Verknappung des Personals wird massiv befeuert

Wie dramatisch der Fahrermangel ist, zeigt der Verband Deutscher Verkehrsunternehmen (VDV) auf: „Für die Mobilitätswende werden bis 2030 rund 110.000 Fachkräfte allein für den ÖPNV gesucht. Hinzu kommt der Personalbedarf im Fern- und Güterverkehr auf der Schiene.“ Bis 2030 muss für fast die Hälfte der rund 151.000 Beschäftigten im öffentlichen Personenverkehr eine Neubesetzung gefunden werden“, teilte der Verband auf Bus Blickpunkt-Anfrage mit. Viele werden in den Ruhestand gehen in den kommenden Jahren, und es gilt diese Stellen zu besetzen, um das Angebot aufrechtzuerhalten. Warum wurde das Problem nicht schon früher erkannt und angegangen?

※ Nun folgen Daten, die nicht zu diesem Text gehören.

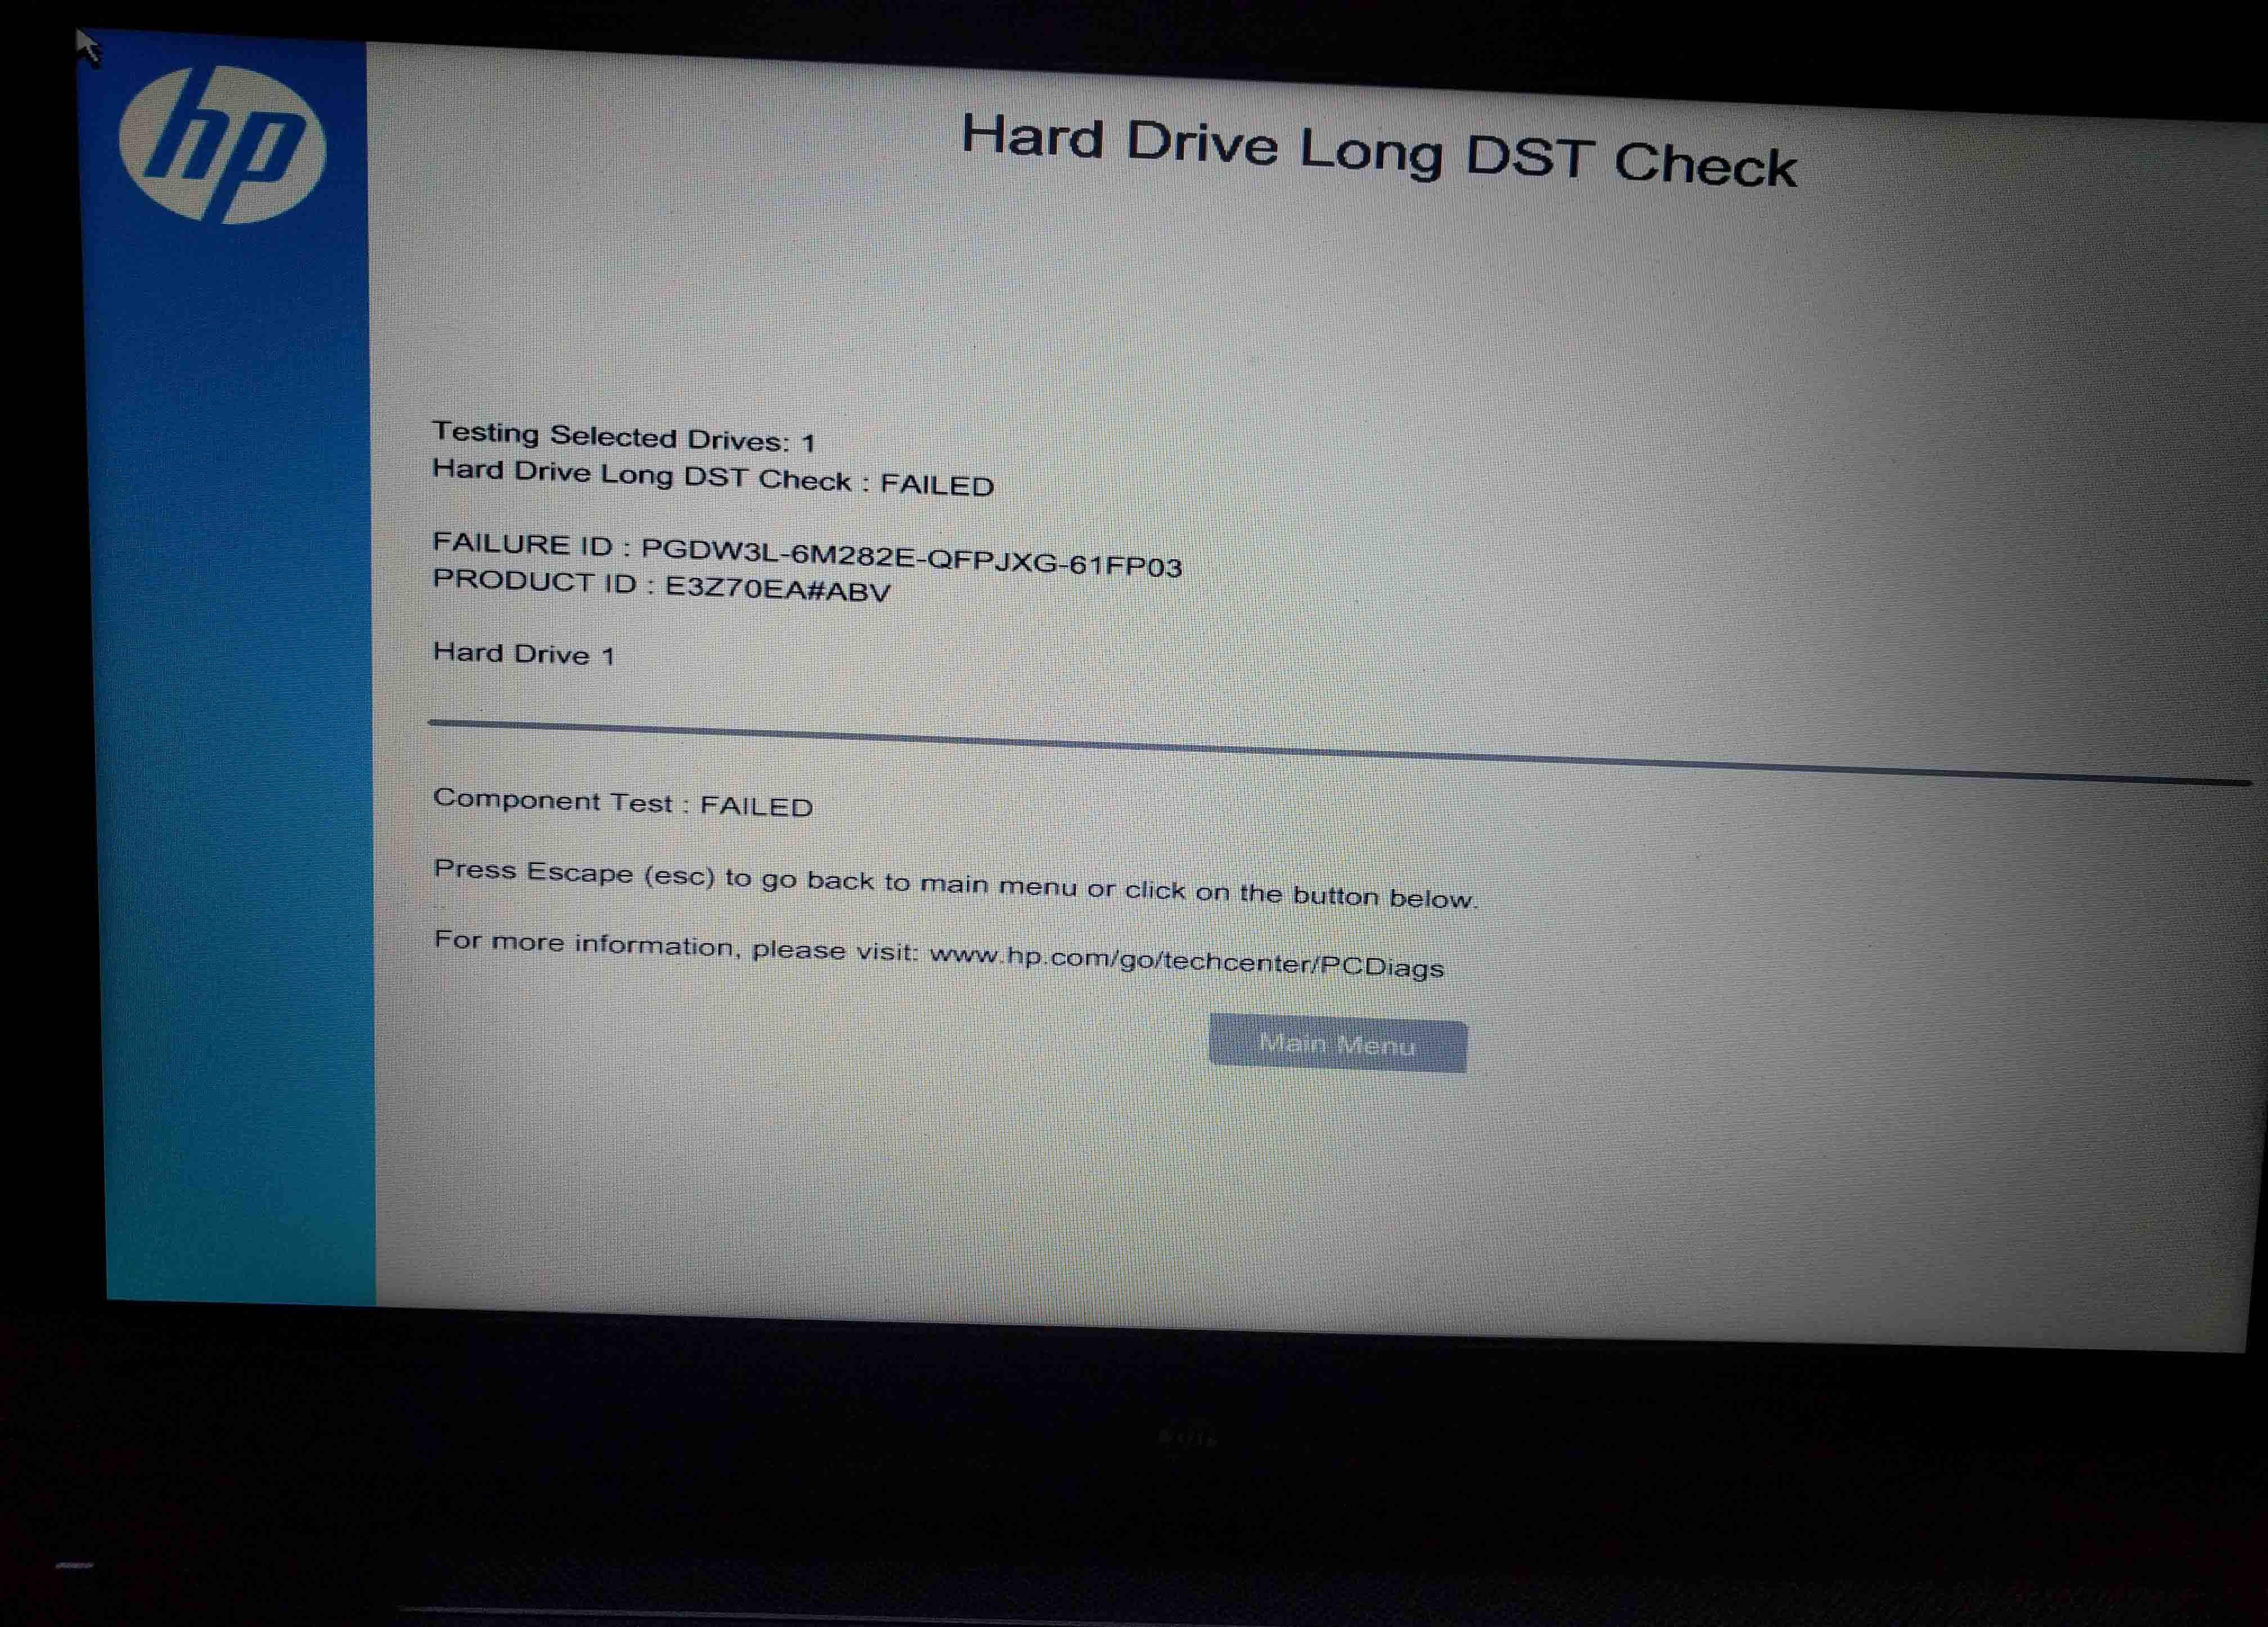 Fingerprint reader not working on Envy Dv6 - HP Support Community
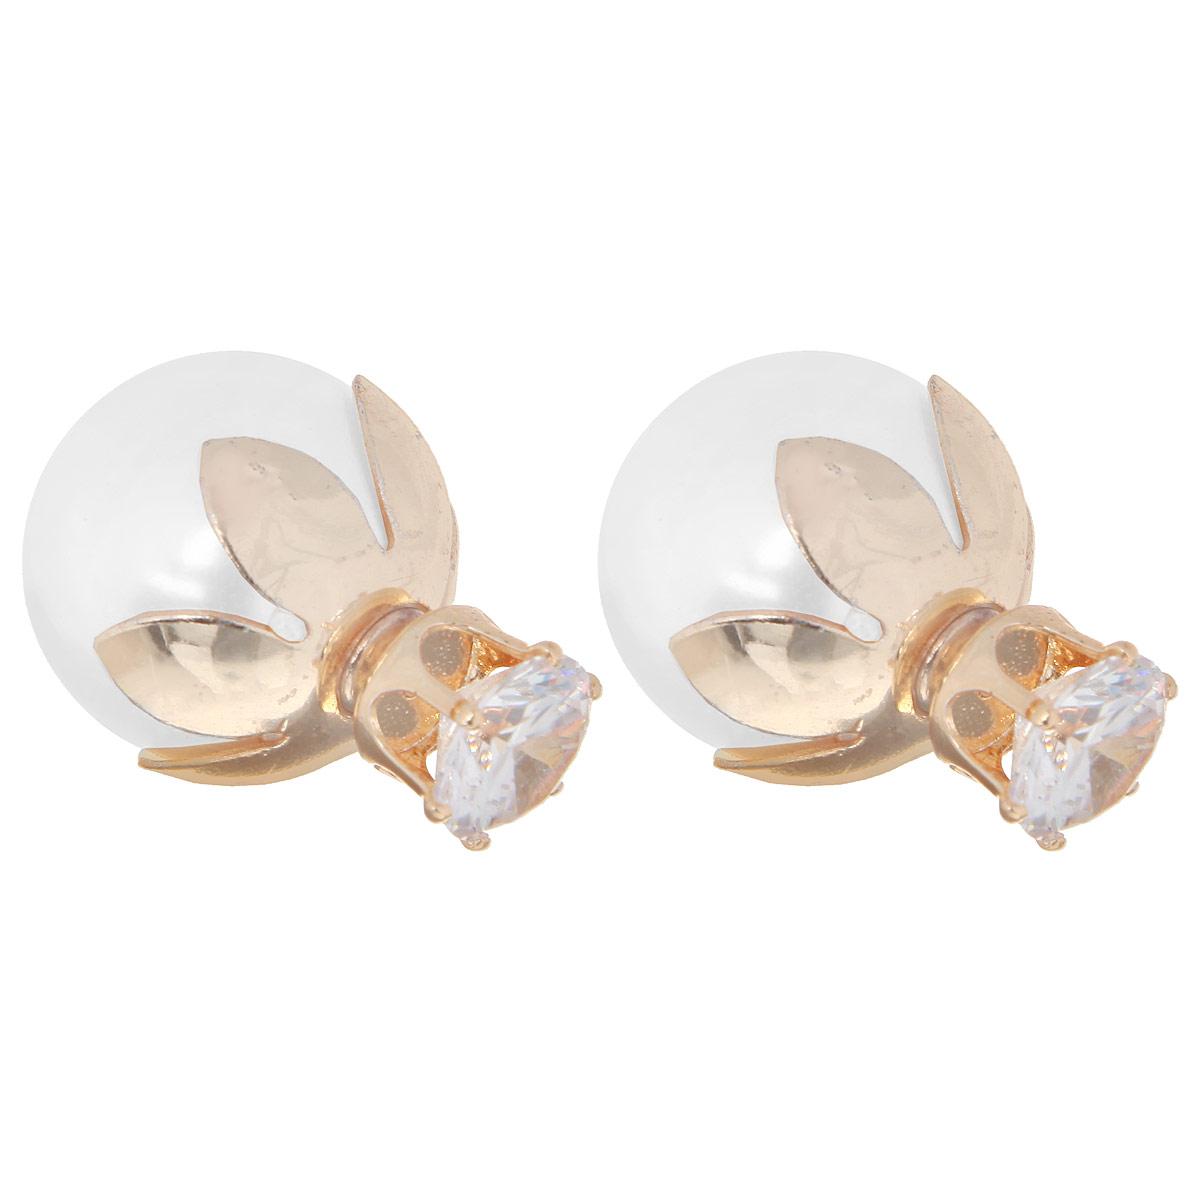 Серьги Taya, цвет: перламутровый. T-B-10008-EARR-PEARLT-B-10008-EARR-PEARLОригинальные серьги модного дизайна создают яркий и запоминающийся образ.

Auf diese Frage antwortete Eike Arnold, stv. Pressesprecher des VDV: „Über Jahre und Jahrzehnte wurde beim ÖPNV vor allem auf den Kostendeckungsgrad geschaut: Öffentlicher Nahverkehr durfte nichts kosten, die Unternehmen wurden auf Effizienz getrimmt. Mit der Verpflichtung auf die internationalen Klimaschutzziele wird nun seit einigen Jahren eine Mobilitätswende hin zu mehr ÖPNV gefordert.“ Man soll digitaler werden, das Ticketing umstellen, On-Demand-Verkehre einführen, künftig auch autonom fahren. Was einen Mehrbedarf an Infrastruktur, Fahrzeugen – und vor allem an Personal nach sich zieht. Dadurch wird die Verknappung des Personals massiv befeuert. Wer soll all diese zusätzlichen Dinge umsetzen?

Fakt ist, der Markt braucht verkehrspolitische Unterstützung und wirksame Fördermaßnahmen. „Es ist unbedingt erforderlich, gemeinsam mit der Politik die Arbeitsbedingungen für das Fahrpersonal zu verbessern. Darüber hinaus muss dringend nach Lösungen gesucht werden, wie der Berufszugang verbessert werden könnte. Dabei wäre eine Ausweitung der Förderprogramme von Aus- und Weiterbildung im Verkehrsgewerbe absolut angebracht“, so Molo-Geschäftsführer Heiko Nagel.